_Exercise goal_
Please return the whole listing word for word.

_Source data_
_ _ _

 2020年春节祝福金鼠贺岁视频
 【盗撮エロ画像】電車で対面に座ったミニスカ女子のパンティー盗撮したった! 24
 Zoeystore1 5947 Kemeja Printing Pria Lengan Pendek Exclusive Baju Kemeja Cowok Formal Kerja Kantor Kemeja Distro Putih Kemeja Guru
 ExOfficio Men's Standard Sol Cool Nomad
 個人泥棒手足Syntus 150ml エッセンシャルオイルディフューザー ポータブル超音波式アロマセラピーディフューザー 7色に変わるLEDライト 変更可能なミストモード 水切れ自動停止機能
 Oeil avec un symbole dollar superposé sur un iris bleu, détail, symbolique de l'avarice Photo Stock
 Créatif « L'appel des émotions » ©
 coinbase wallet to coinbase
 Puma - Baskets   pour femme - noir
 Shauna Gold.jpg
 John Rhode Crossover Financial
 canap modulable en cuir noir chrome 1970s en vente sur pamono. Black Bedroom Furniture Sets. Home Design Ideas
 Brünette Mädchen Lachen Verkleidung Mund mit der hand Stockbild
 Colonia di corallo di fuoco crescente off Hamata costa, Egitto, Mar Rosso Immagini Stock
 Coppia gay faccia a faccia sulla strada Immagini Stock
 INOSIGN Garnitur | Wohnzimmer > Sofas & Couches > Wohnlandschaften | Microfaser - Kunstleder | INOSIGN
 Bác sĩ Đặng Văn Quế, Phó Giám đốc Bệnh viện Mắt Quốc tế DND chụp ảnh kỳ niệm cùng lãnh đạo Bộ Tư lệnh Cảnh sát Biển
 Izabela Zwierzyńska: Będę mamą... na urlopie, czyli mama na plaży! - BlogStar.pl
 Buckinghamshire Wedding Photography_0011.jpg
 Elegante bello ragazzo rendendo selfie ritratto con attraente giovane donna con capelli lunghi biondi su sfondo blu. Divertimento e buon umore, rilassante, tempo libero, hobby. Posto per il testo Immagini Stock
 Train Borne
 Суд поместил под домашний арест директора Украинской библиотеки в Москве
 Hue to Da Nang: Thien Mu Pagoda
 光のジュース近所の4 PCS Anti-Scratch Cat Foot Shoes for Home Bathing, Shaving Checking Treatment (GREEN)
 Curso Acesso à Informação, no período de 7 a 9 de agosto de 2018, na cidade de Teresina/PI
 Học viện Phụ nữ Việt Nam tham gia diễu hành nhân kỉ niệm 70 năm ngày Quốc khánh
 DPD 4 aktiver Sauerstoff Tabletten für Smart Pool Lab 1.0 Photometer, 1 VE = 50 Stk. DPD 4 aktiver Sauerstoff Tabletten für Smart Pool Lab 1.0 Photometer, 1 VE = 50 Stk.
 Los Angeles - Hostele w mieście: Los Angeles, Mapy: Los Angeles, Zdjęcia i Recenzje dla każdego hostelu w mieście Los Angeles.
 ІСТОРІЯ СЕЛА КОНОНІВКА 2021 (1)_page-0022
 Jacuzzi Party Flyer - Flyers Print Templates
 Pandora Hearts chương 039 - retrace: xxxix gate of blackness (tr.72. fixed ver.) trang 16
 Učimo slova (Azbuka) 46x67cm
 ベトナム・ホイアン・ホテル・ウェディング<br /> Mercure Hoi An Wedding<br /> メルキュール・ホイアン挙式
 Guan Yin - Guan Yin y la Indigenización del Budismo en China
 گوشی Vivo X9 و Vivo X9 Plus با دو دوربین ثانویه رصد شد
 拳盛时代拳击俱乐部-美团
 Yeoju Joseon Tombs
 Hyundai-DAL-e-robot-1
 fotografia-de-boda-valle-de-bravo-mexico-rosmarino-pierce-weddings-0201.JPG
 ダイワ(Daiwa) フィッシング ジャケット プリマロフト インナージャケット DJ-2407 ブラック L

_ _ _

_Result_
 2020年春节祝福金鼠贺岁视频
 【盗撮エロ画像】電車で対面に座ったミニスカ女子のパンティー盗撮したった! 24
 Zoeystore1 5947 Kemeja Printing Pria Lengan Pendek Exclusive Baju Kemeja Cowok Formal Kerja Kantor Kemeja Distro Putih Kemeja Guru
 ExOfficio Men's Standard Sol Cool Nomad
 個人泥棒手足Syntus 150ml エッセンシャルオイルディフューザー ポータブル超音波式アロマセラピーディフューザー 7色に変わるLEDライト 変更可能なミストモード 水切れ自動停止機能
 Oeil avec un symbole dollar superposé sur un iris bleu, détail, symbolique de l'avarice Photo Stock
 Créatif « L'appel des émotions » ©
 coinbase wallet to coinbase
 Puma - Baskets   pour femme - noir
 Shauna Gold.jpg
 John Rhode Crossover Financial
 canap modulable en cuir noir chrome 1970s en vente sur pamono. Black Bedroom Furniture Sets. Home Design Ideas
 Brünette Mädchen Lachen Verkleidung Mund mit der hand Stockbild
 Colonia di corallo di fuoco crescente off Hamata costa, Egitto, Mar Rosso Immagini Stock
 Coppia gay faccia a faccia sulla strada Immagini Stock
 INOSIGN Garnitur | Wohnzimmer > Sofas & Couches > Wohnlandschaften | Microfaser - Kunstleder | INOSIGN
 Bác sĩ Đặng Văn Quế, Phó Giám đốc Bệnh viện Mắt Quốc tế DND chụp ảnh kỳ niệm cùng lãnh đạo Bộ Tư lệnh Cảnh sát Biển
 Izabela Zwierzyńska: Będę mamą... na urlopie, czyli mama na plaży! - BlogStar.pl
 Buckinghamshire Wedding Photography_0011.jpg
 Elegante bello ragazzo rendendo selfie ritratto con attraente giovane donna con capelli lunghi biondi su sfondo blu. Divertimento e buon umore, rilassante, tempo libero, hobby. Posto per il testo Immagini Stock
 Train Borne
 Суд поместил под домашний арест директора Украинской библиотеки в Москве
 Hue to Da Nang: Thien Mu Pagoda
 光のジュース近所の4 PCS Anti-Scratch Cat Foot Shoes for Home Bathing, Shaving Checking Treatment (GREEN)
 Curso Acesso à Informação, no período de 7 a 9 de agosto de 2018, na cidade de Teresina/PI
 Học viện Phụ nữ Việt Nam tham gia diễu hành nhân kỉ niệm 70 năm ngày Quốc khánh
 DPD 4 aktiver Sauerstoff Tabletten für Smart Pool Lab 1.0 Photometer, 1 VE = 50 Stk. DPD 4 aktiver Sauerstoff Tabletten für Smart Pool Lab 1.0 Photometer, 1 VE = 50 Stk.
 Los Angeles - Hostele w mieście: Los Angeles, Mapy: Los Angeles, Zdjęcia i Recenzje dla każdego hostelu w mieście Los Angeles.
 ІСТОРІЯ СЕЛА КОНОНІВКА 2021 (1)_page-0022
 Jacuzzi Party Flyer - Flyers Print Templates
 Pandora Hearts chương 039 - retrace: xxxix gate of blackness (tr.72. fixed ver.) trang 16
 Učimo slova (Azbuka) 46x67cm
 ベトナム・ホイアン・ホテル・ウェディング<br /> Mercure Hoi An Wedding<br /> メルキュール・ホイアン挙式
 Guan Yin - Guan Yin y la Indigenización del Budismo en China
 گوشی Vivo X9 و Vivo X9 Plus با دو دوربین ثانویه رصد شد
 拳盛时代拳击俱乐部-美团
 Yeoju Joseon Tombs
 Hyundai-DAL-e-robot-1
 fotografia-de-boda-valle-de-bravo-mexico-rosmarino-pierce-weddings-0201.JPG
 ダイワ(Daiwa) フィッシング ジャケット プリマロフト インナージャケット DJ-2407 ブラック L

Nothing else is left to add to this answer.